Reseña aparte merecen las tres actrices, una para cada función, que han representado el papel de doña Rosita. Son Ana García, Antonia Joaquín y Llanos Martínez. Cuando no representan ese personaje, alternativamente, hacen uno de los papeles que corresponde a las tres Manolas. Esta disposición refuerza el sentido colectivo del conjuntado grupo que en general conforman cada una de las aulas de teatro que se producen en los diversos cursos que se ofertan en la UPA. Es como una conjuración contra el individualismo y la competitividad que rigen en las sociedades mercantilizadas. Cada una de las tres da su sello de sensibilidad, de pausa, de fluidez enunciativa, de sentimiento, y de entusiasmo, a los principales momentos poéticos de la obra: al expresivo diálogo de Rosita con su primo al final del primer acto:
¿Porqué tus ojos traidores
Con los míos se fundieron? (…)
Y al sentido monólogo de Rosita del acto tercero:
Me he acostumbrado a vivir muchos años fuera de mí, pensando en cosas que estaban muy lejos, (…)
Hay dos problemas de significación a los que se tiene que aludir y que no parecen de fácil solución. El primero es el de considerar si ese sentido poético, que está tan presente y es tan intenso en la obra, trasciende o no esa linealidad temporal y ese estar fuera de nosotros mismos a los que se alude en el contenido explícito de Doña Rosita. Y el segundo, relacionado con el anterior, es el de si la producción teatral, y la proyección vital de los participantes, actores, dirección, etc., que por una parte tienen que atender a una historia concreta y que, por otra, se hallan sumergidos en el mar de las significaciones sistémicas dominantes, combate o no con éxito esa dimensión de la temporalidad de la que debemos pretender ponernos a salvo. Pues bien, sin asistir a las representaciones, de ésta o de otras obras de teatro, claro, nunca se podrá afrontar su alusividad. Ni tan siquiera imaginar su significado como posible materia de experiencia en la vida.

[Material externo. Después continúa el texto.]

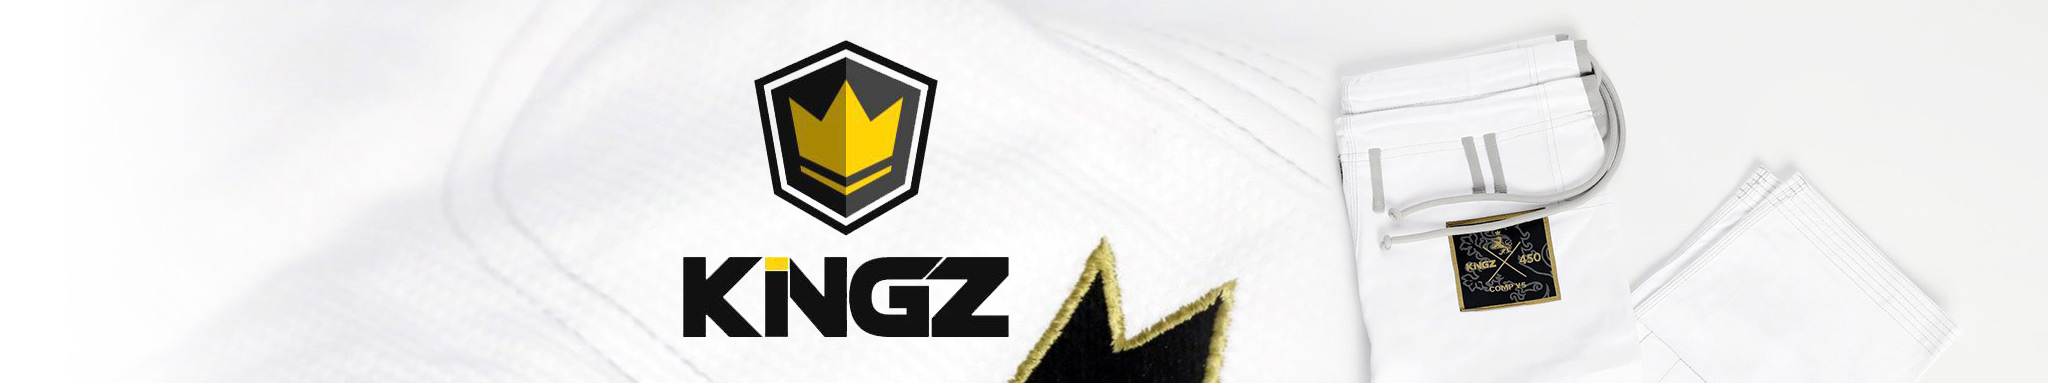 Kingz : équipements & vêtements de la marque Kingz | Dragon Bleu

Como dice Debord, la experiencia del arte proporciona al mundo el sueño de un tiempo del que se ha de alcanzar en cada momento la conciencia para vivirlo realmente. Así también lo dice Marina Garcés (Nueva ilustración radical, Anagrama, 2017, págs. 74-5): lo que necesitamos es elaborar el sentido de la temporalidad […]. No os creemos, somos capaces de decirles a los poderosos, mientras desde muchos lugares rehacemos los hilos del tiempo y del mundo con herramientas afinadas e inagotables.
Es decir, frente al nihilismo inducido por el sistema del capital, y a una estructura emotiva del tiempo, necesitamos no un regreso a alguna ya imposible dimensión de tener otro futuro, sino elaborar otros posibles significados de la temporalidad. La realidad de hoy nos revela un sentido profundo de esta obra: No vivimos en el tiempo, sino que somos tiempo.